Take Denver’s Basic Income Project. Reports boasted of “significant improvements in housing outcomes.” In reality, homeless people receiving $1,000 a month were barely more likely to find housing than the control group.
A Noble Lie
Karnick quotes study author Sarah Miller, who admitted that when the results are disappointing, reporters are not eager to cover them. “People aren’t interested in reading null results,” she said. This leads to what Piper, the analyst cited in the piece, calls “noble lies,” a culture where the media deliberately conceals reality to protect progressive narratives.
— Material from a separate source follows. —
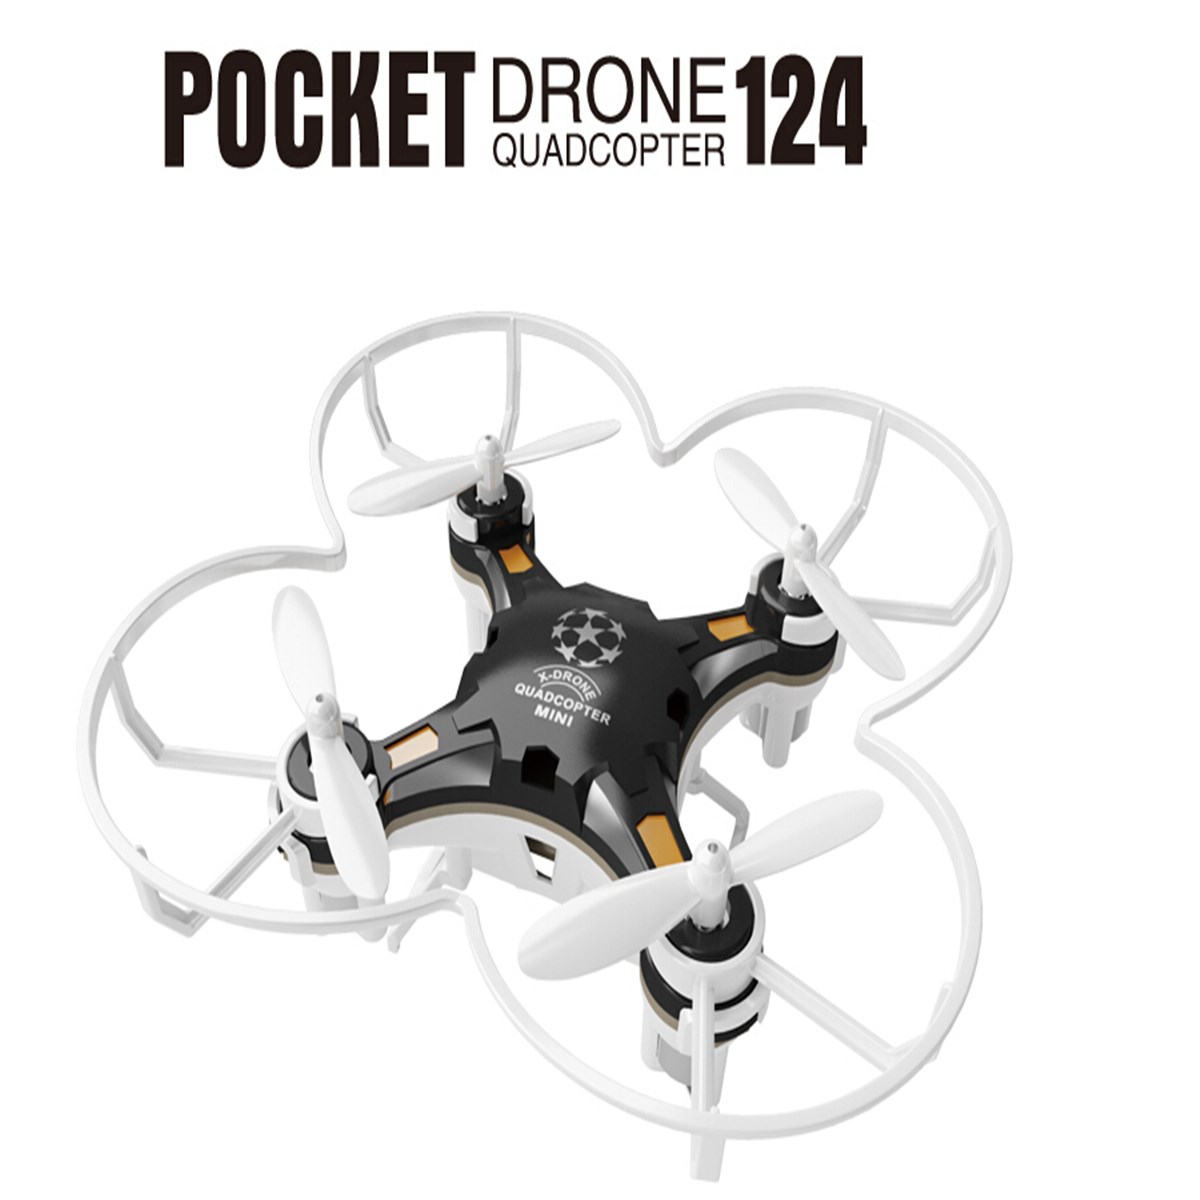 New-Hot-Sale-FQ777-124-Pocket-Drone-4CH-6Axis-Gyro-Quadcopter-With-Switchable-Controller-RTF-Remote.jpg?width=500

Defenders of UBI are now trying to shift the proposals away from wide-implementation, and, instead, focus on smaller societal segments such as pregnant women, domestic violence survivors, or people recently released from prison.
UBI proponents are also now trying to say that the policy works in poor countries, but that rich countries have ‘complex’ problems that money alone cannot solve.
The evidence shows UBI does not deliver on its promises. It does not improve lives, it does not fix poverty, and it does not justify the trillions of dollars in redistributive spending that Democrats and their allies in Big Tech dream of funneling into such schemes.
As Karnick concludes, the honest approach is to let the truth come out, however uncomfortable it may be: simply giving money to the poor will not make them rich.